Denn Moskau verschärfte den Druck auf die Ukraine. Auf der Krim tauchte gestern schwere russische Artillerie auf. Die Nachrichtenagentur Unian ortete dort mehr als ein Dutzend S 300-Raketensysteme, außerdem fünf moderne „Hyazinth“-Geschütze sowie eine Kolonne mit zwölf „Uragan“-Raketensalvenwerfern.
Neue russische Manöver
Zuvor hatten russische Streitkräfte bereits neue Manöver an der ukrainischen Ostgrenze gestartet. Laut der Nachrichtenagentur ITAR-Tass sollen die Übungen in den Grenzregionen Rostow, Belgorod und Kursk bis Ende des Monats dauern, Anwohner filmten bei der Bahnstation Wesjolaja Lopan 30 Kilometer von der ukrainischen Grenze einen Zug mit Panzern. Viele Ukrainer befürchten nun, Russland werde unter diesem Vorwand nach der Krim auch die Ostukraine militärisch besetzen.
Gleichzeitig kam es in der ostukrainischen Stadt Donezk zu blutigen Auseinandersetzungen zwischen pro-russischen und pro-ukrainischen Demonstranten. Eine Kundgebung für die Einheit der Ukraine und eine Gegendemonstration endeten in Massenschlägereien. Auf einem Video, das das Nachrichtenportal Novosti Donbassa veröffentlichte, attackieren Männer, die „Russland, Russland!“ und „Auf die Knie!“ skandieren, mit Steinen, Feuerwerkskörpern und Fäusten eine Gruppe Ukrainer, die sich mit Pfeffergas wehren und schließlich Zuflucht in Polizeibussen finden. 29 Menschen wurden verletzt, ein Mitglied der rechtsextremen antirussischen Partei „Swoboda“ starb an einem Messerstich.

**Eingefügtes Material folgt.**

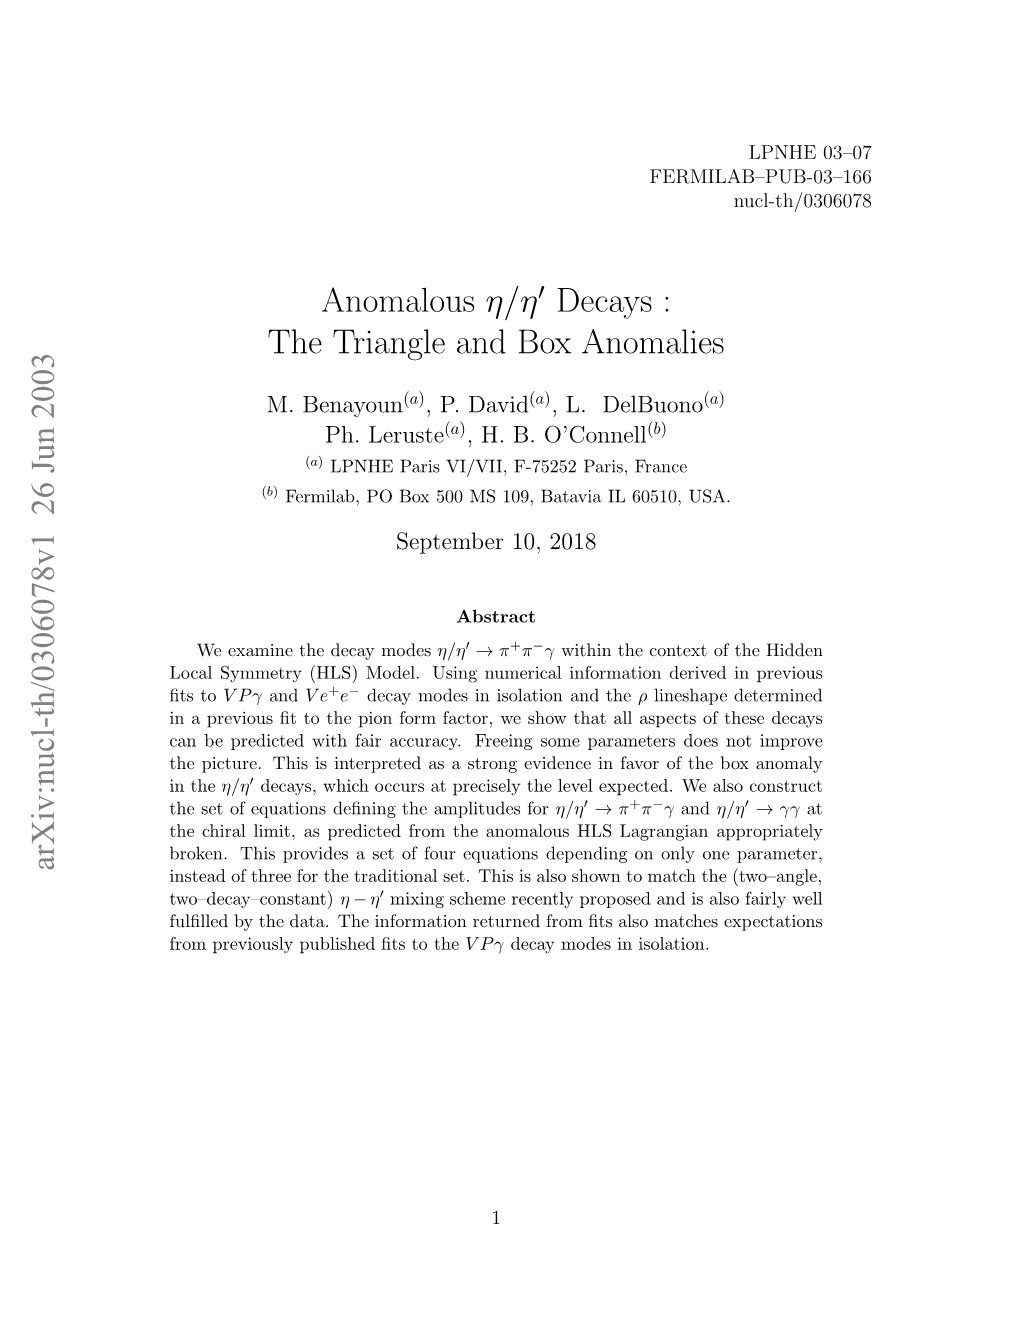 Anomalous $\Eta/\Eta^\Prime $ Decays: the Triangle and Box Anomalies

Gestern aber verkündete das russische Außenministerium auf seiner Internetseite, bei den „tragischen Ereignissen“ in Donezk hätten ukrainische Rechtsradikale friedliche prorussische Demonstranten überfallen. Die Kiewer Staatsmacht kontrolliere die Lage nicht mehr. Und weiter: „Russland ist sich seiner Verantwortung für Landsleute und Mitbürger in der Ukraine bewusst und behält sich das Recht vor, die Menschen unter seinen Schutz zu nehmen.“
„Militärschlag ist möglich“
Der ukrainische Geheimdienst SBU teilte mit, in der Nacht zu Mittwoch sei eine Gruppe russischer Militärspione im Gebiet um die Stadt Cherson gefasst worden, die versucht hätte, ukrainische Einheiten auszuspionieren. „In den nächsten Tagen droht eine massierte Destabilisierung des Südens und des Ostens der Ukraine“, sagte Andrei Illarionow, Ex-Wirtschaftsberater von Wladimir Putin. „Auch ein Militärschlag ist möglich.“ Der Kiewer Politologe Wadim Karasjew glaubt, noch werde Russland keinen Einmarsch riskieren.
Das zumindest betonte am Freitagabend auch Russlands Außenminister Sergej Lawrow nach dem Gespräch mit John Kerry in London: Es gebe im Kreml keine Pläne für eine Invasion in die Ukraine.